21.10.13

Minha raposinha sempre bela

Minha raposinha sempre bela.
Muito bonita e jovem.
(Vaidade, talvez... Sim. Vaidade.)
Linda, linda.

Em teu quarto, nós dois: no sofá, tu; no chão, eu.
Teus olhos: tanto sono, quase sonho... A voz esmorecida...
Que bom cheiro, Memória! Que pele! Curvas!
Bela raposa – horizontalmente bela –, bom sono.
Também bom pelo.
E os cachos? Por que não mais cachos?
Vaidade...

O corpo curvo de frio, pequeno.
Meus ouvidos, fiéis; meus olhos – livres – em ti, num campo farto e
[brônzeo,
Com uns leves tecidos brancos sobre tudo.
Dos seios miúdos à anca contrária.
E tu contrária a mim, a minhas palavras, planos, vontades.
Ainda assim, bela. Para mim, bela.

As mãozinhas, juntas, entre o rosto e o travesseiro alto,
Quando, em mim, uma palpitação sísmica.
Quantos anos, quanto tempo, naquele envelhecimento de instante?
Minha raposinha hedionda...
Bela, antes; velha, então.
E o espanto em meu rosto – no meu pelo teu?
Não à vista, pois o sono.
Uma alma, trêmula; a outra, sonâmbula;
Mas ambas dum roncar pavoroso de sono e surpresa pelo mutável
[imediato.
A pele frouxa, olhos assimétricos, boca sinuosa.

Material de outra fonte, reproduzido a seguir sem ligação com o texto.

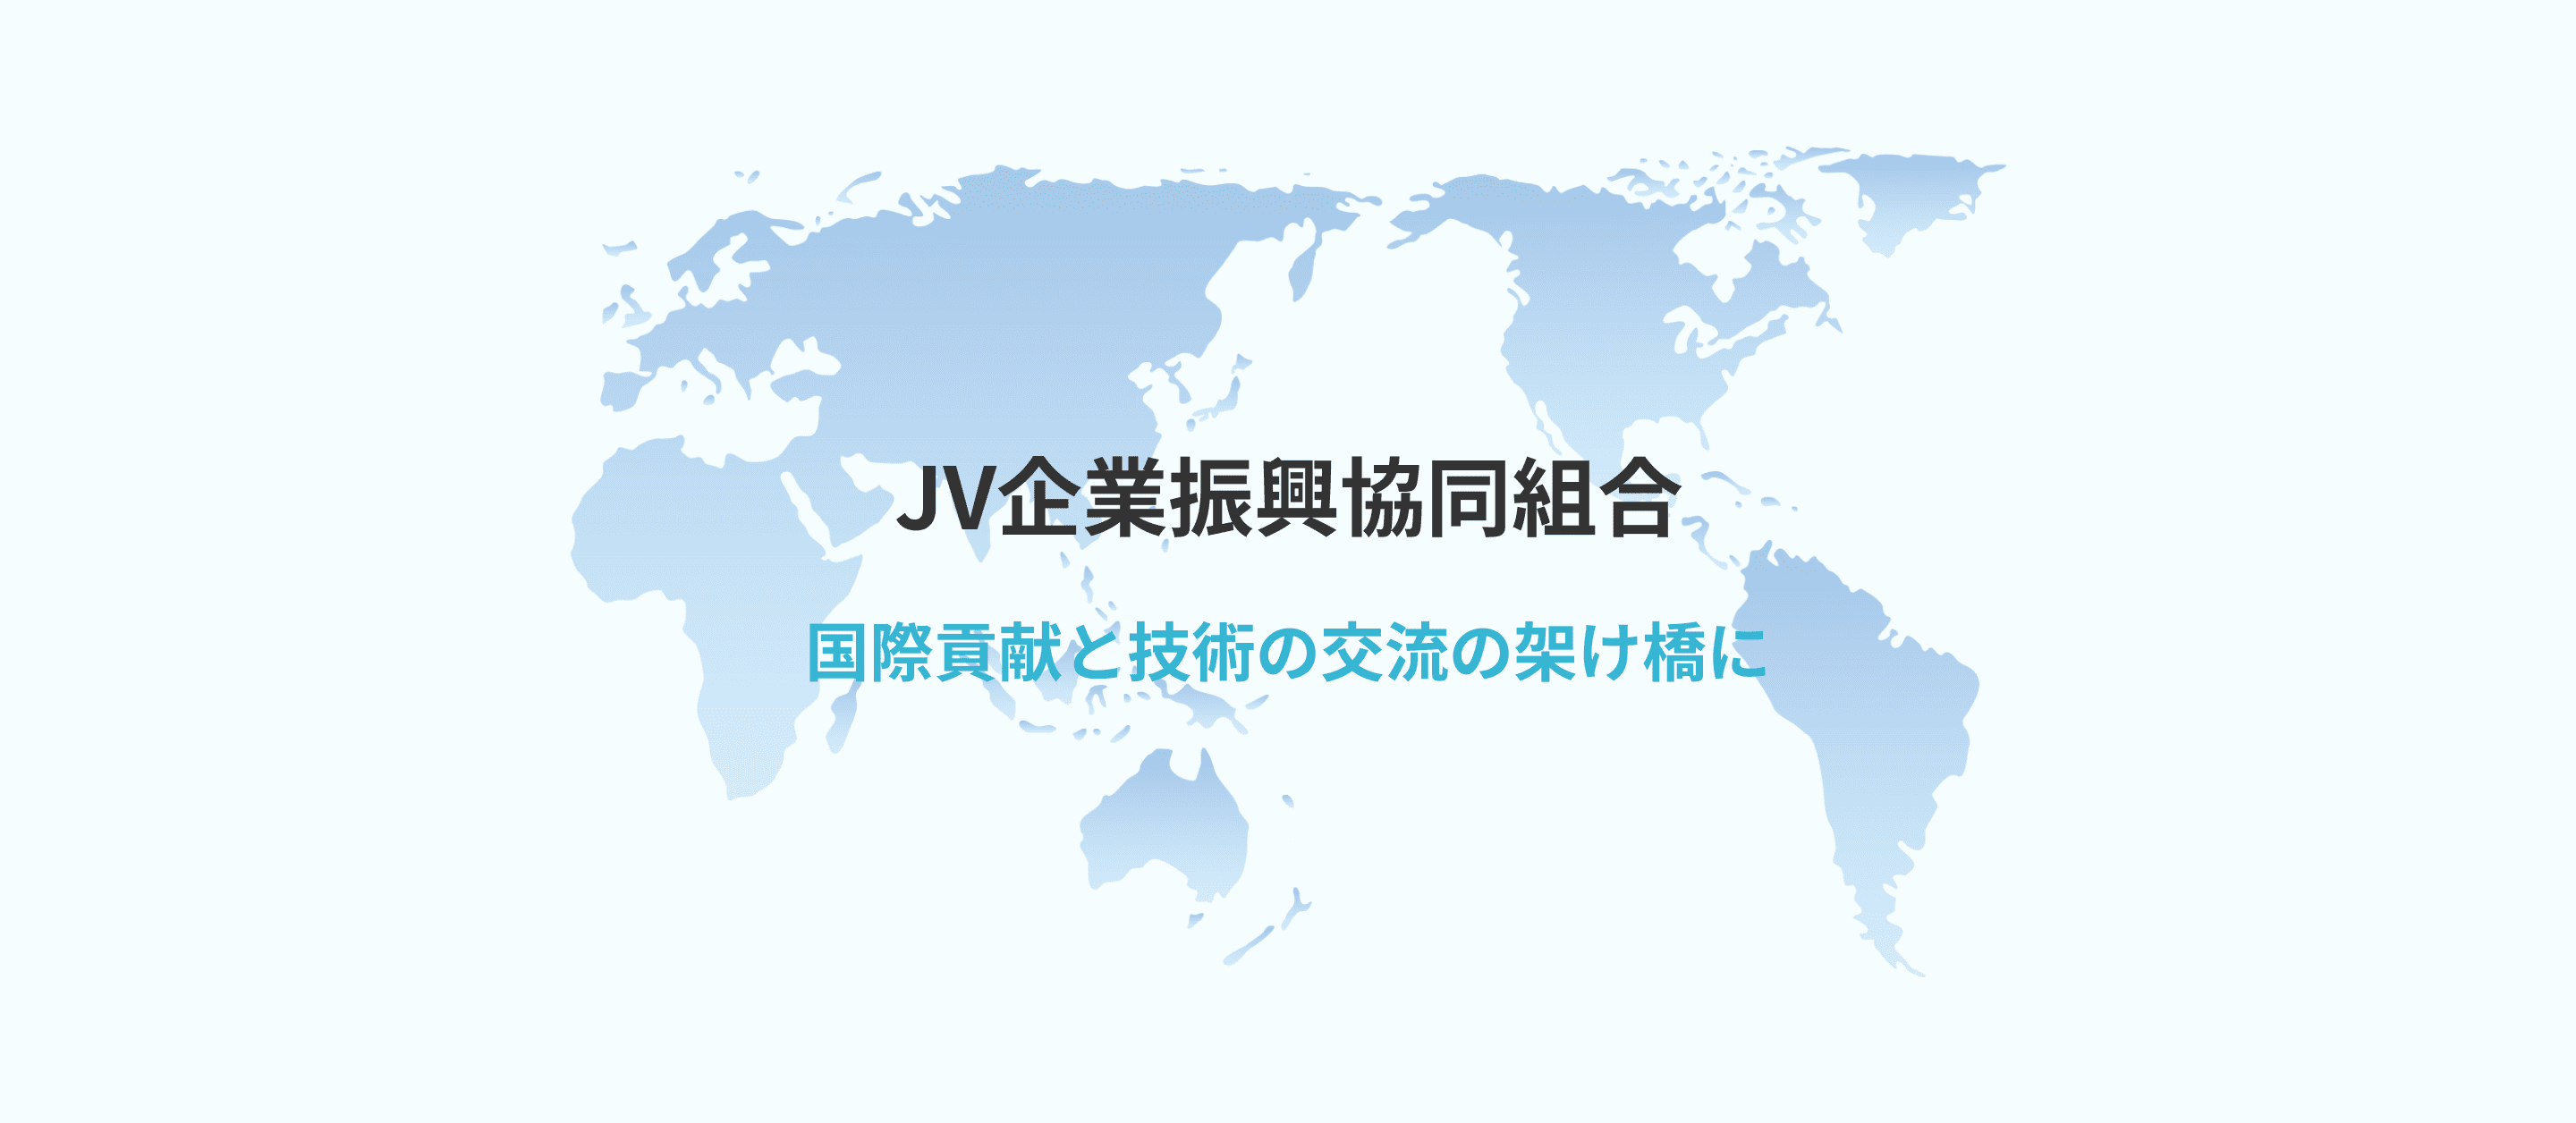 JV企業振興協同組合　～国際貢献と技術交流の架け橋に～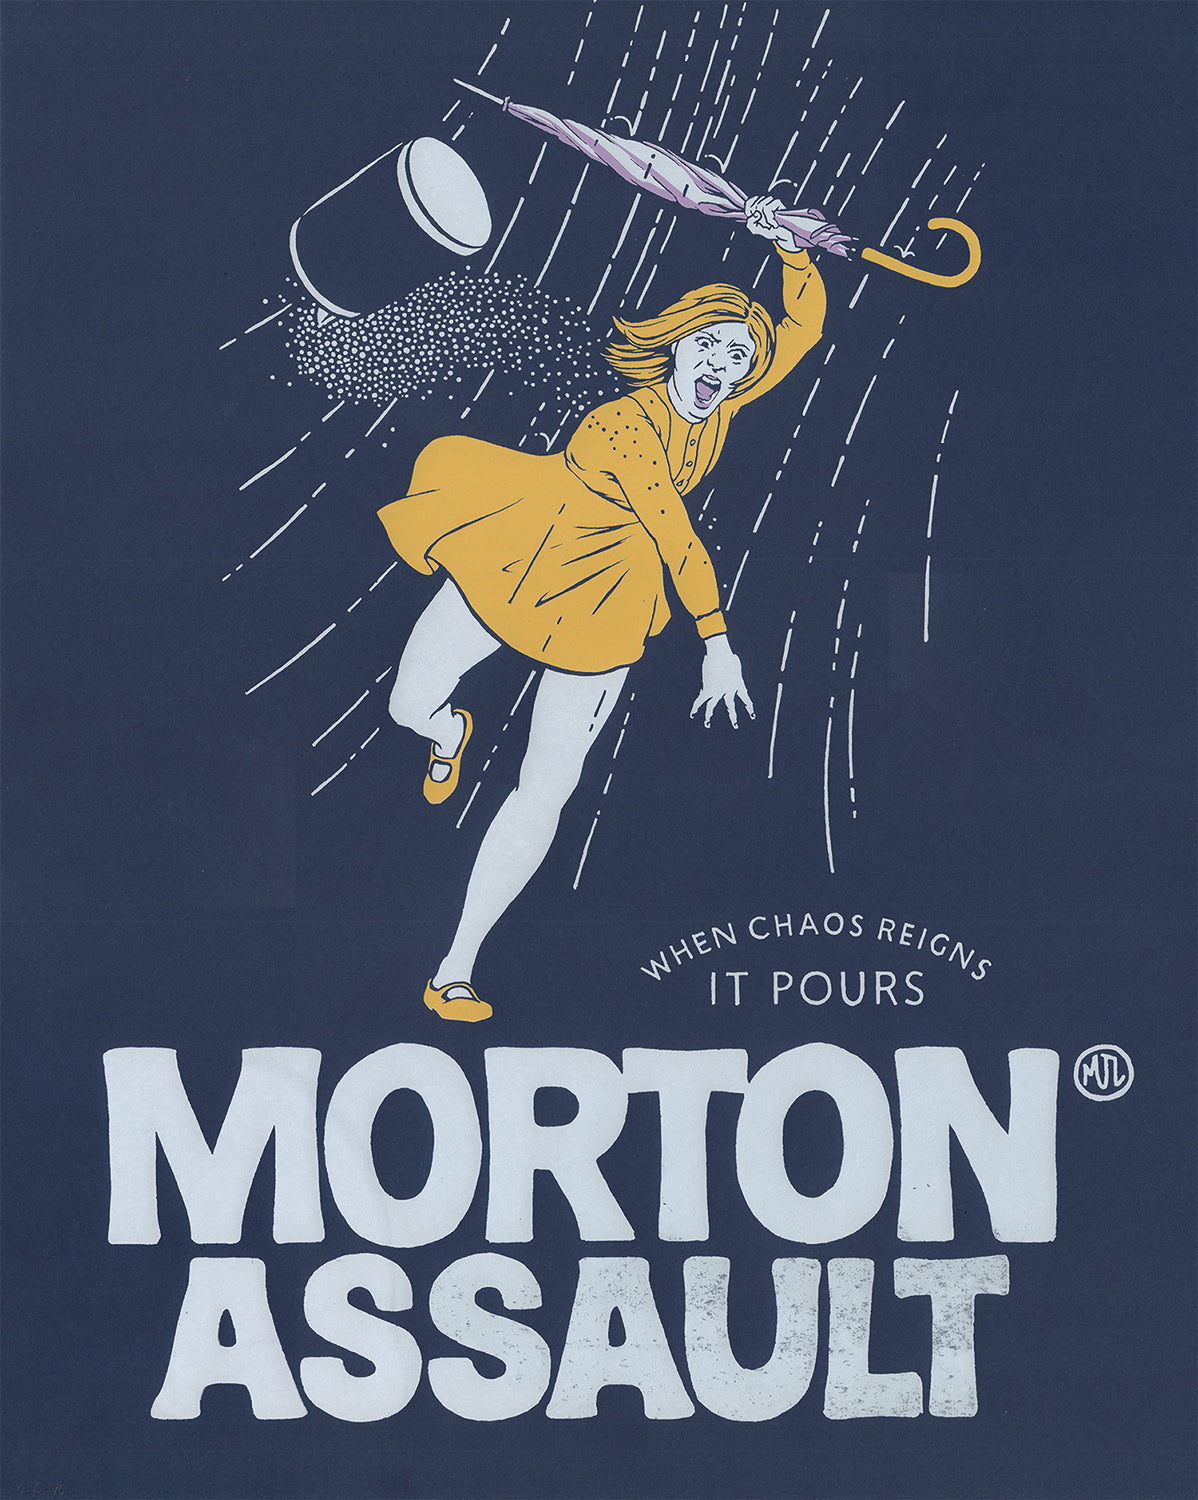 "Morton Assault" by Michael Lauritano

Num volver lânguido, as costas, o pelo sem cachos.
O silêncio, enfim.
Apenas gotas de espanto espaçadas;
Uma poça de espanto fugidia.
Mais espaço entre nós.

Eu, um poente.
(Um tecido escuro sobre mim.
Do corpo extenso ao pensamento basto.)
Tu, não mais bela? Esmorecimento?
Eis a cegueira, o túmulo;
Eis o não-pensar, e a cicatriz na memória.